From the line containing "LAYM Long Sleeve" to the final line of the material below, return every line exactly. Do not include pictures.

#### DATA PROVIDED ####

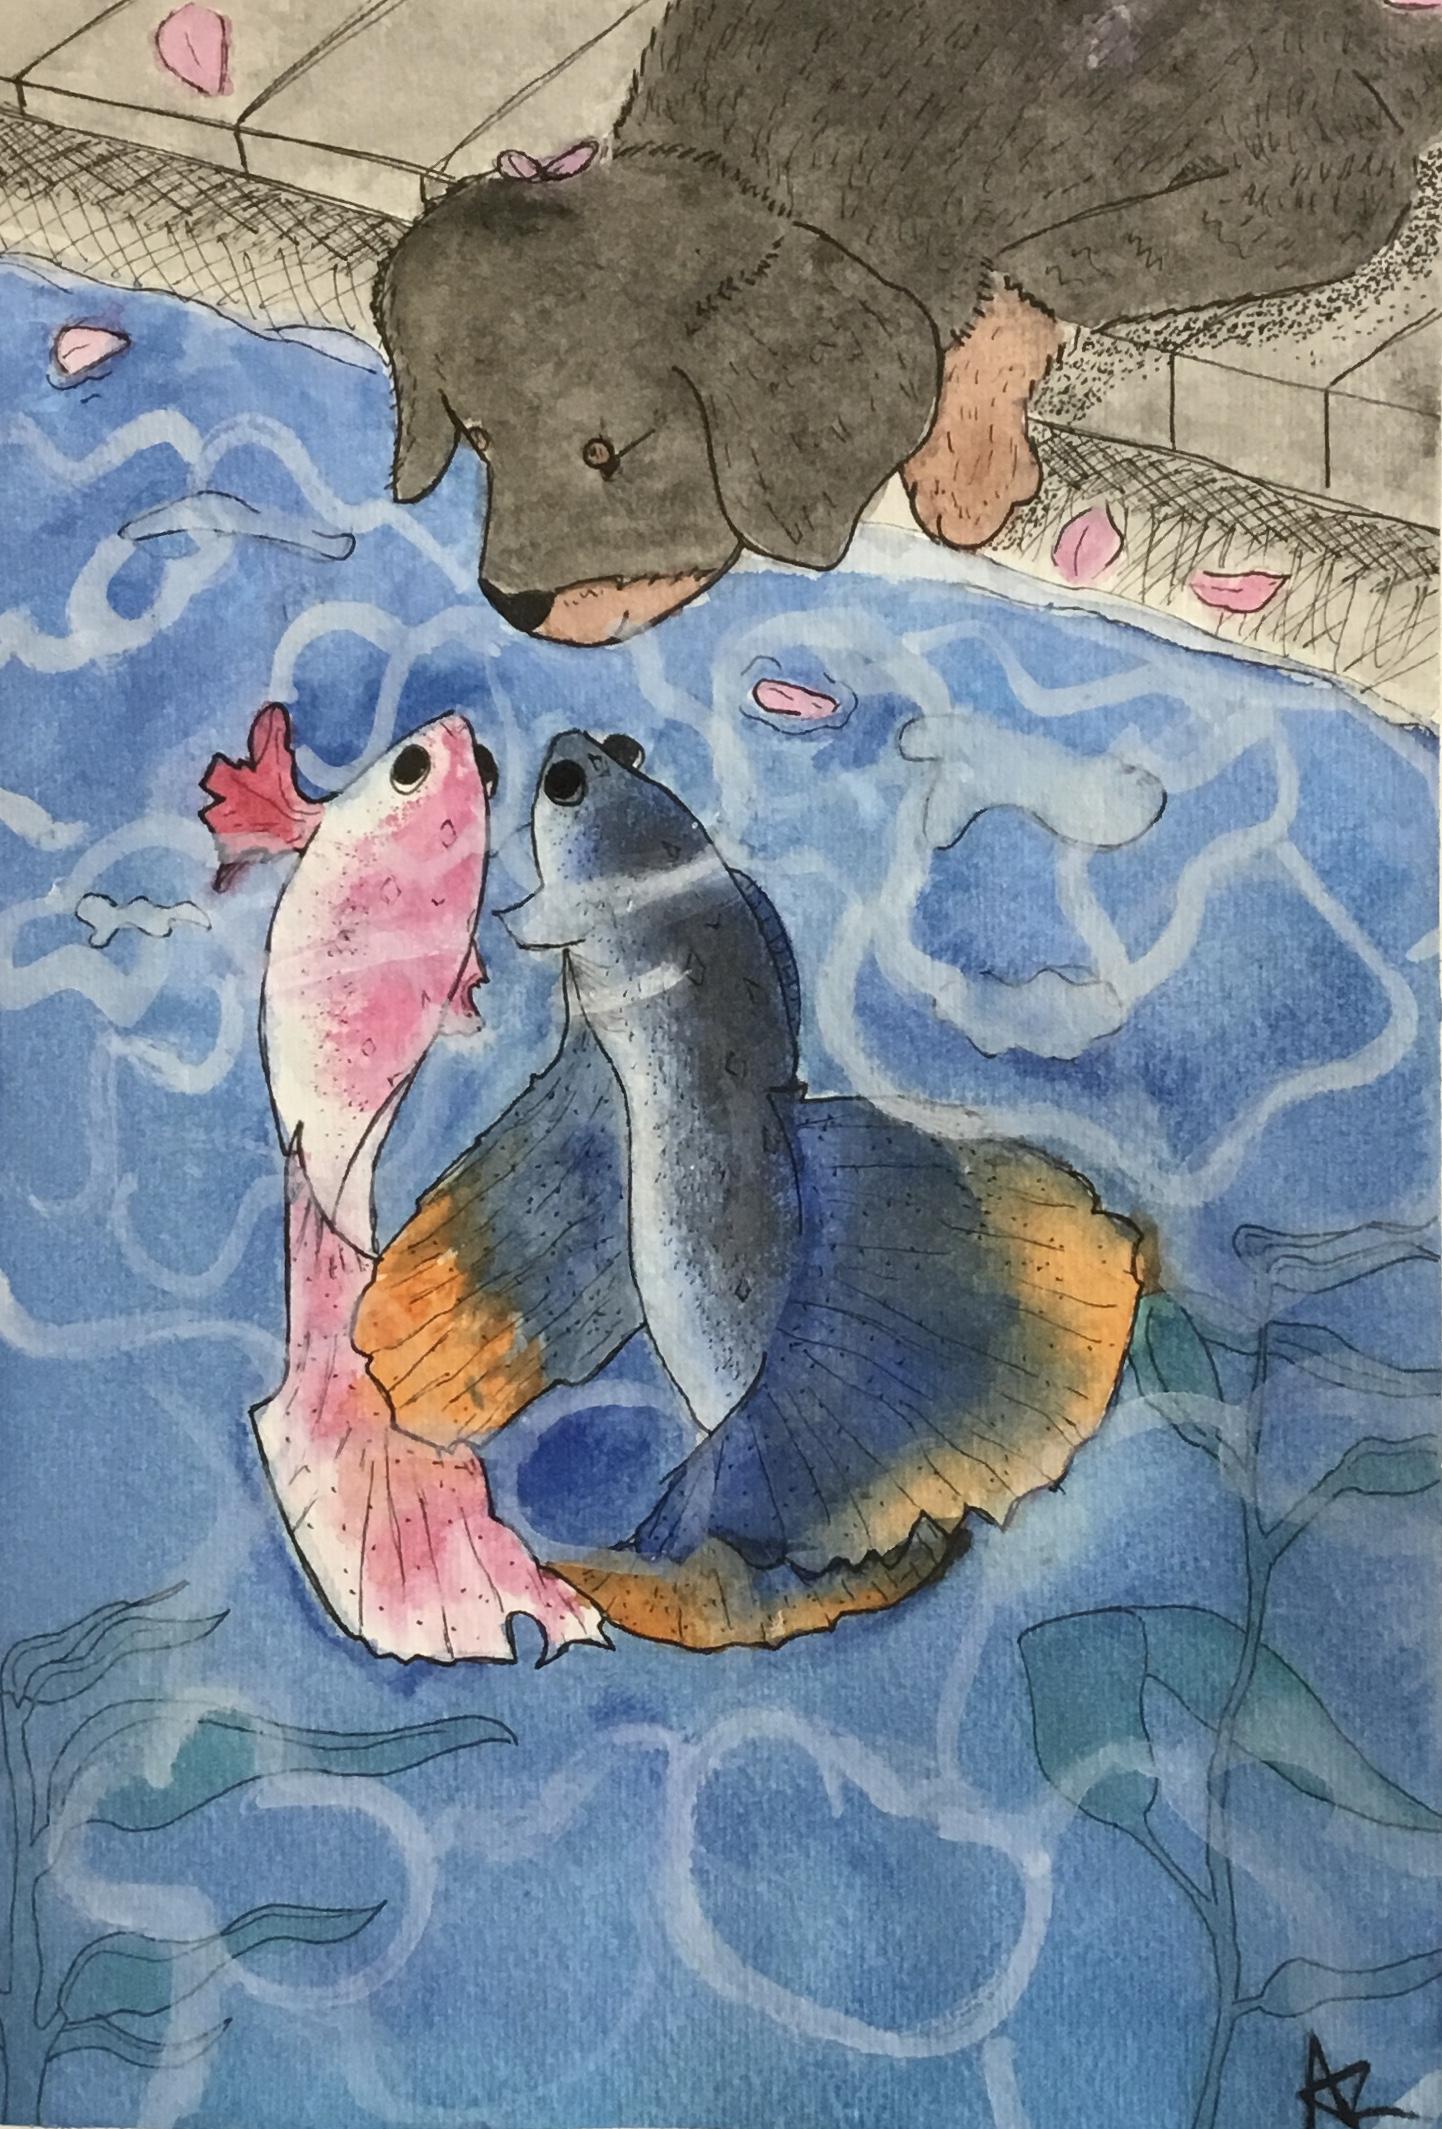 dog and fish watercolor
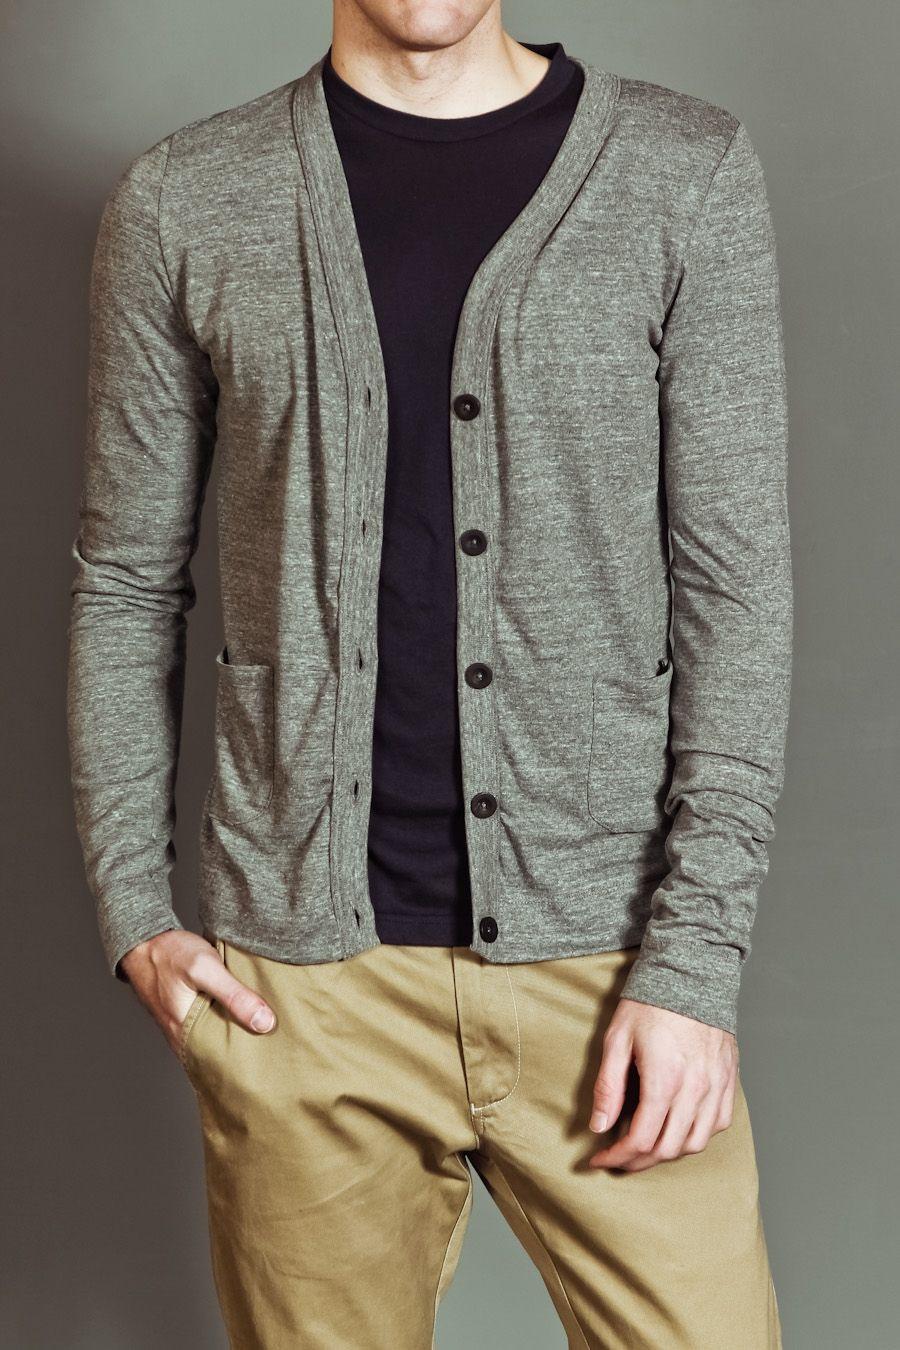 LAYM Long Sleeve Tri-Blend Slim Fit Cardigan Tri-Grey
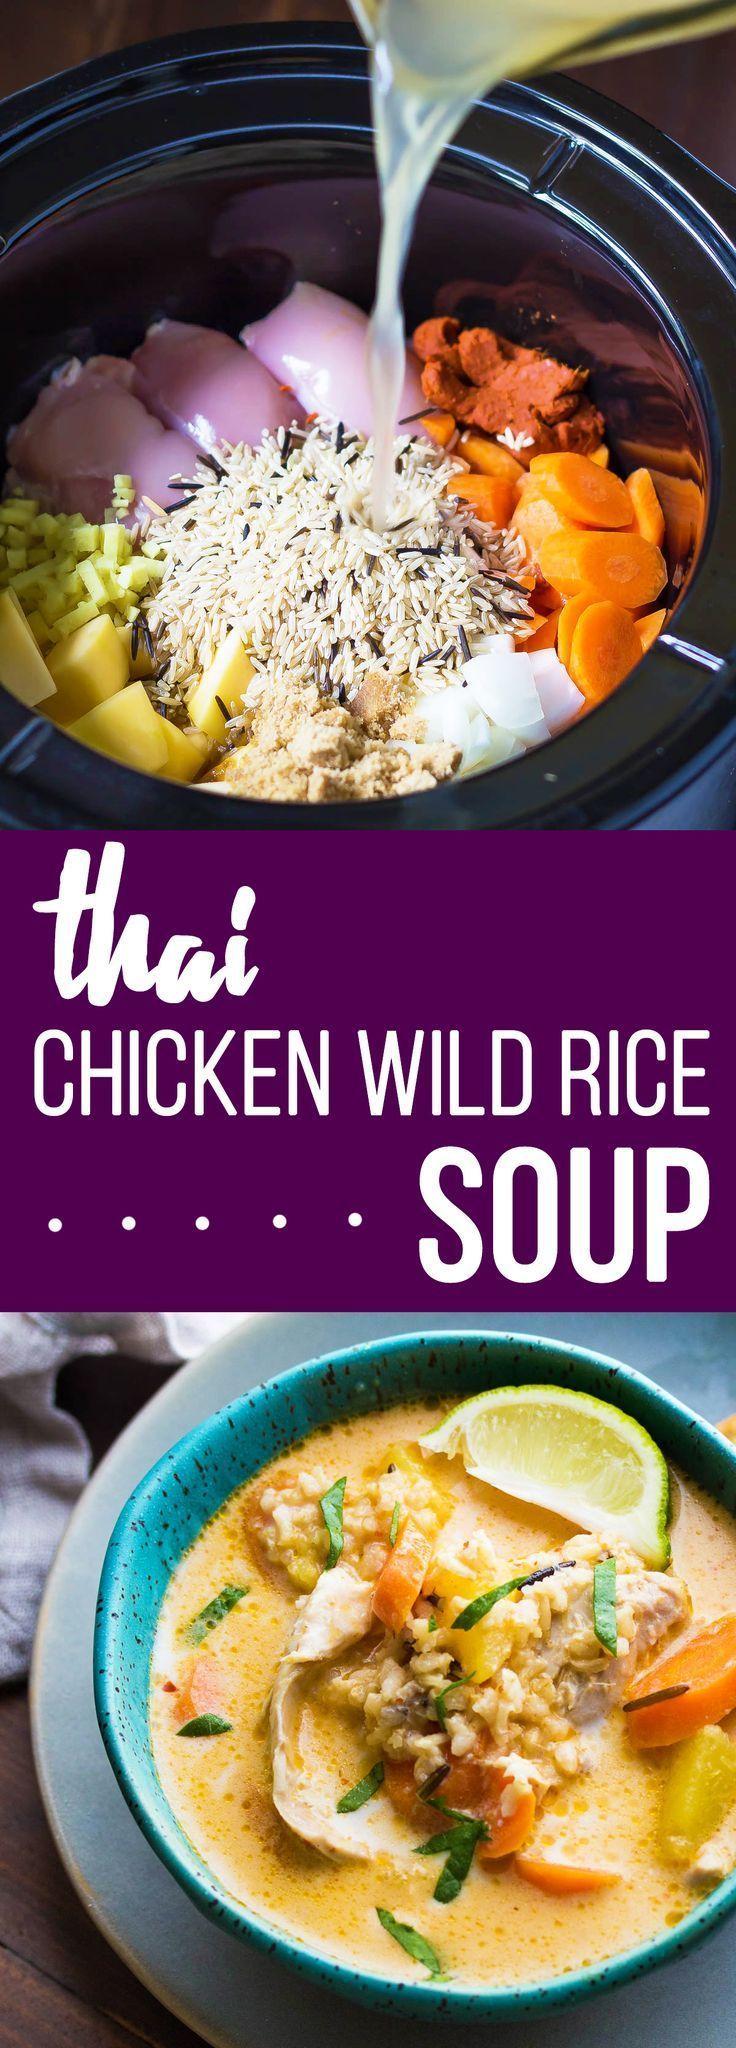 This Thai Slow Cooker Chicken and Wild Rice Soup is an easy dump and go crock pot recipe!  Bezoek www.GEZONDVOORSTEL.com voor meer tips en recepten over gezond eten! #gezond #gezondevoeding #gezondeten #recept #gezonderecepten #recepten #lekkereten

####

— RESPONSE —
 LAYM Long Sleeve Tri-Blend Slim Fit Cardigan Tri-Grey
 This Thai Slow Cooker Chicken and Wild Rice Soup is an easy dump and go crock pot recipe!  Bezoek www.GEZONDVOORSTEL.com voor meer tips en recepten over gezond eten! #gezond #gezondevoeding #gezondeten #recept #gezonderecepten #recepten #lekkereten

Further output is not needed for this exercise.